International diabetes mellitus guidelines recommended the consumption of legumes (including beans, and chickpeas) and controlling of the glycemic index.30 Results of an Italian National Research revealed that daily consumption of legumes decreases systolic blood pressure.31 Alizadeh et al. demonstrated that the consumption of a legume-rich hypocaloric diet for 6 weeks reduced some anthropometric measures, such as waist and hip, among healthy premenopausal women with central obesity.32 Our findings demonstrated that an increment in intake of legume from the lowest tertile to the highest decreased WC.

Several cross-sectional and prospective studies have also indicated the negative association between legume and fruit consumption and obesity and cardiovascular dieses.33 In the present study, we found an adverse relationship between MetS and legume consumption in women after adjusting for confounding factors such as life style (physical activity, dietary score, quality of life, and smoking status). To date, few observational studies have examined the association of legume intake with MetS.16 Lignin, as a major dietary insoluble fiber source, may control homeostasis of glucose and insulin sensivity as well as weight reduction; therefore, they might play a crucial role in controlling MetS.34 Azizi et al. showed that intake of soluble fiber was associated with reduced risk of MetS. They showed that 5 g increment in intake of soluble fiber was associated with a reduction of 54% in risk of MetS.35

Several population studies have reported an increase in the prevalence of the MetS with age, regardless of definition, although some have reported a peak in the 7th decade and then a decline in both sexes.36,37

This was evident especially in women, with a sevenfold increase in prevalence from the 20-29 year olds age group to the 80-89 year olds age group.38 This study showed that age has a significant relationship with prevalence of MetS; therefore, after age adjustment, there is no significant difference in lower and higher tertile of legume intakes.
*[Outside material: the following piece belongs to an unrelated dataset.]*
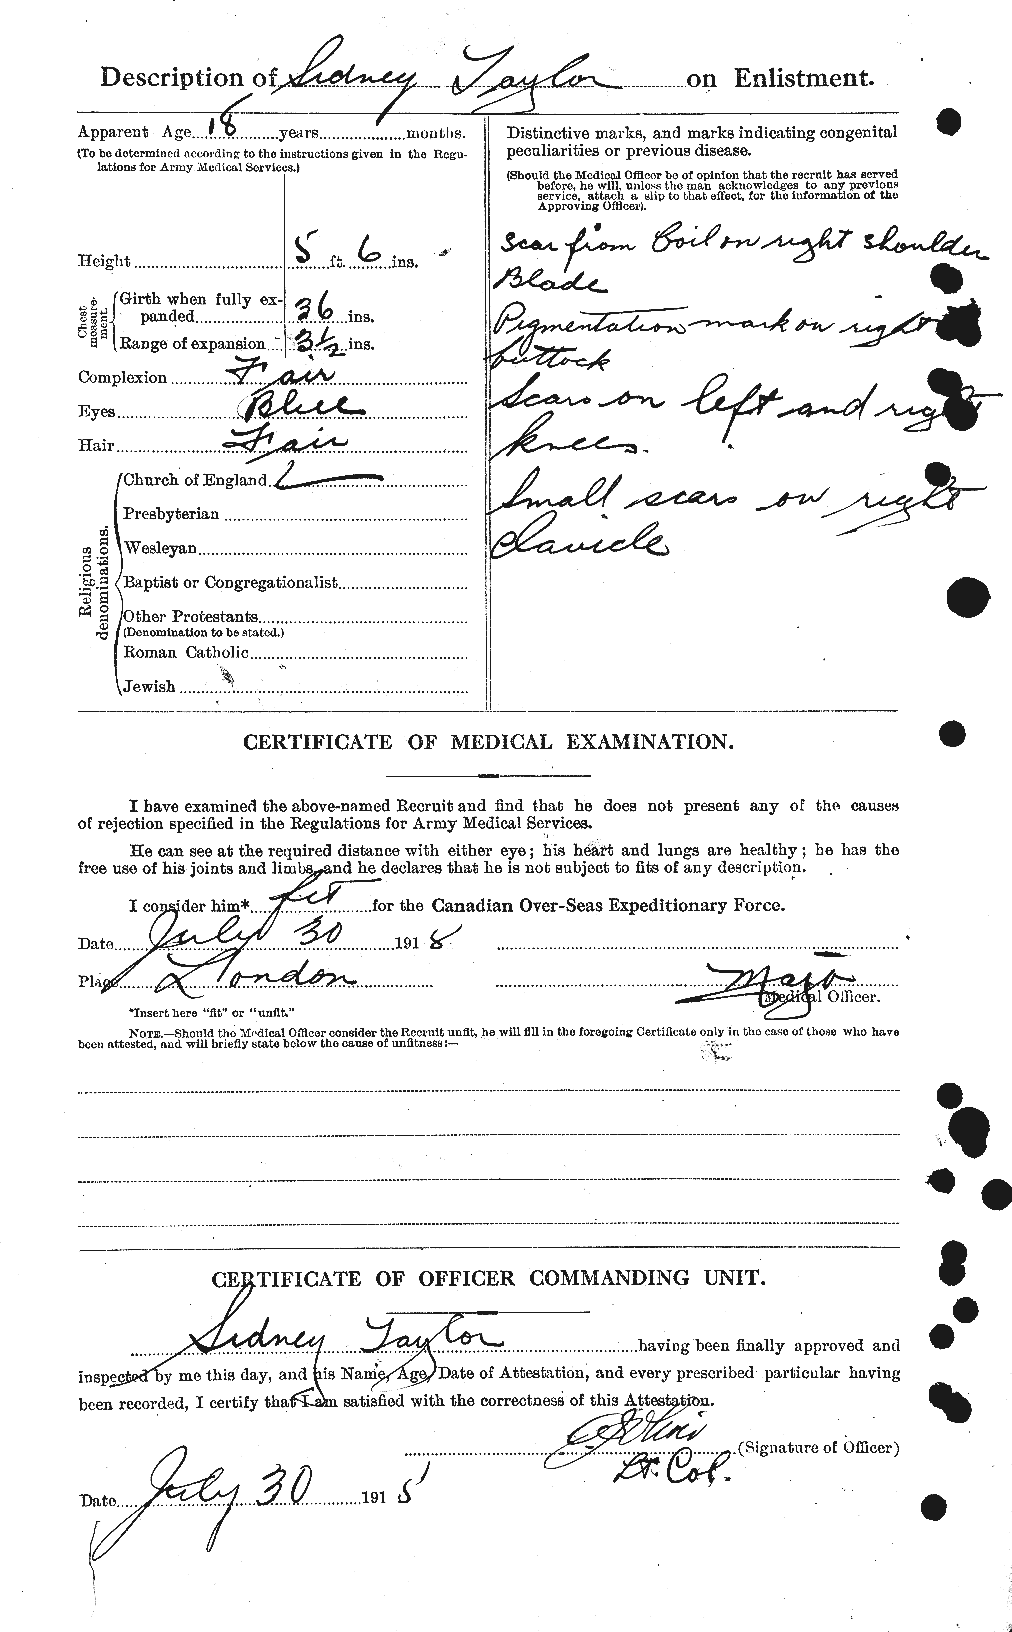 Dossiers du Personnel de la Première Guerre mondiale - CEC 627898b
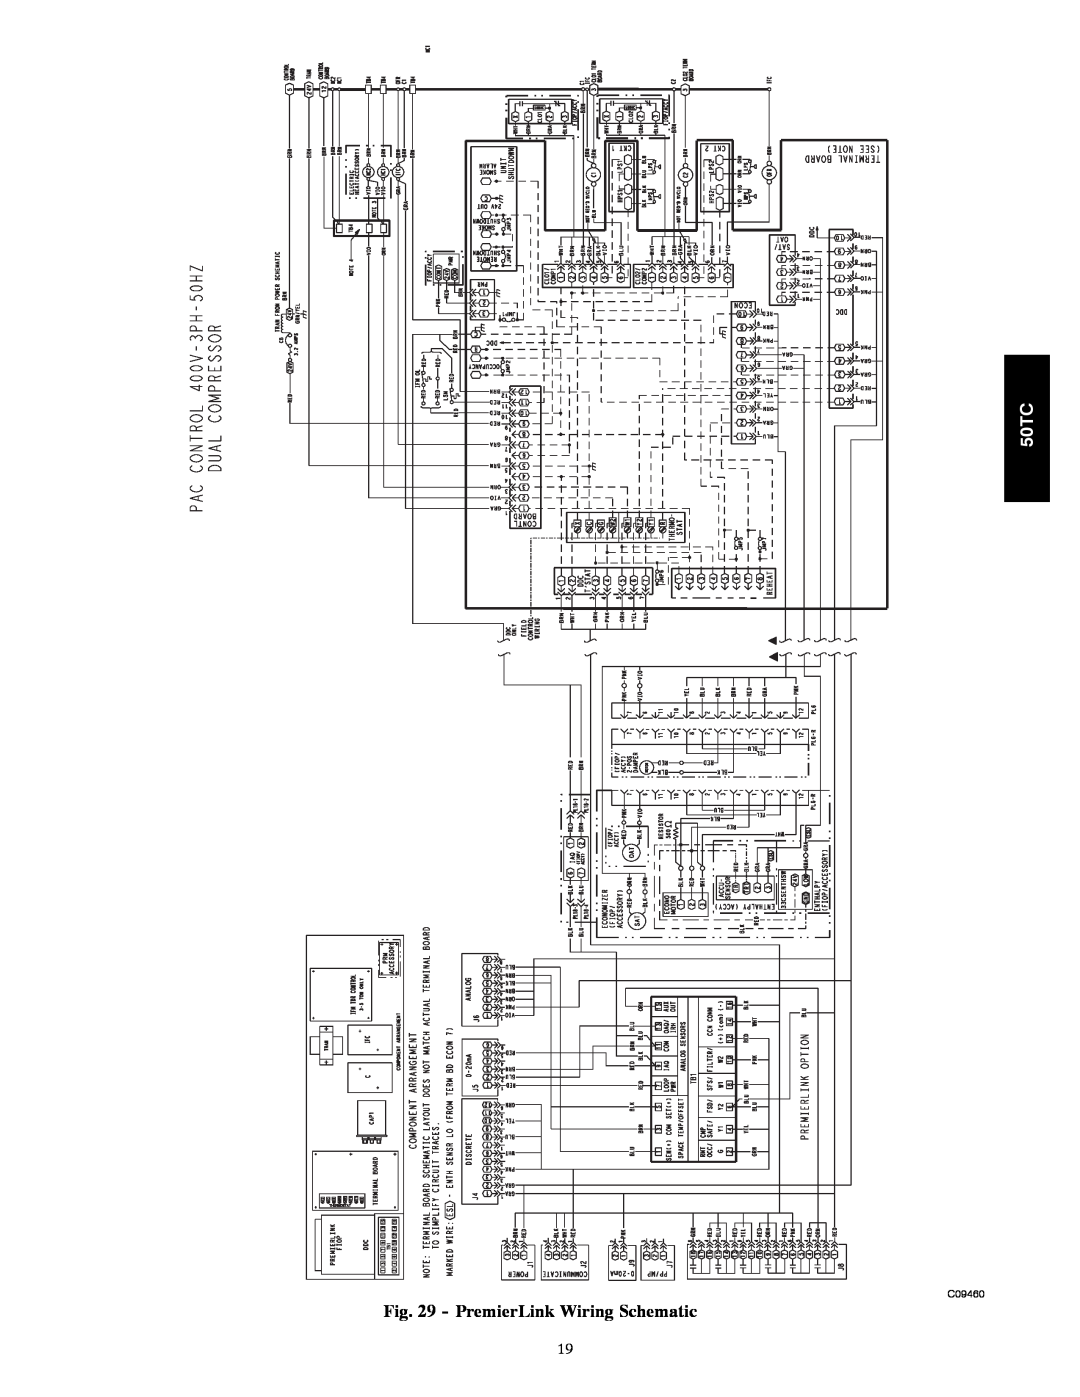 Carrier 50TC installation instructions PremierLink Wiring Schematic, C09460

Findings from the third National Health and Nutrition Examination Survey show the percentage of people with MetS differs by age group. It is currently estimated that 13% of adolescents in the United States have metabolic syndrome. Approximately 24% of young to middle-aged adults and 40% of adults aged 70 years or older have MetS.39,40 Another study evaluated the association between total dietary fiber and its types and sources with the risk of MetS. Among sources of dietary fiber, fruit fiber and legume fiber were significantly and inversely associated with the risk of having MetS. After further adjustment for age, gender, lifestyle, and dietary confounders, a substantial reduction in the risk of MetS was observed with increasing fruit fiber and legume fiber intake.41 The strengths of this study are its large sample size consisting of participants with various socioeconomic and demographic characteristics, random sampling from two counties in central Iran, and control over a wide variety of potential confounders.

Limitation

These findings are limited due to the use of a cross-sectional design; therefore, we could not assess cause and effect relationship between MetS and legume. However, the evaluation of dietary intake of participants has a strong relationship with previous dietary intake. In addition, after adjustment for potential lifestyle confounders, unknown conditions may confound the relation between legume intake and MetS.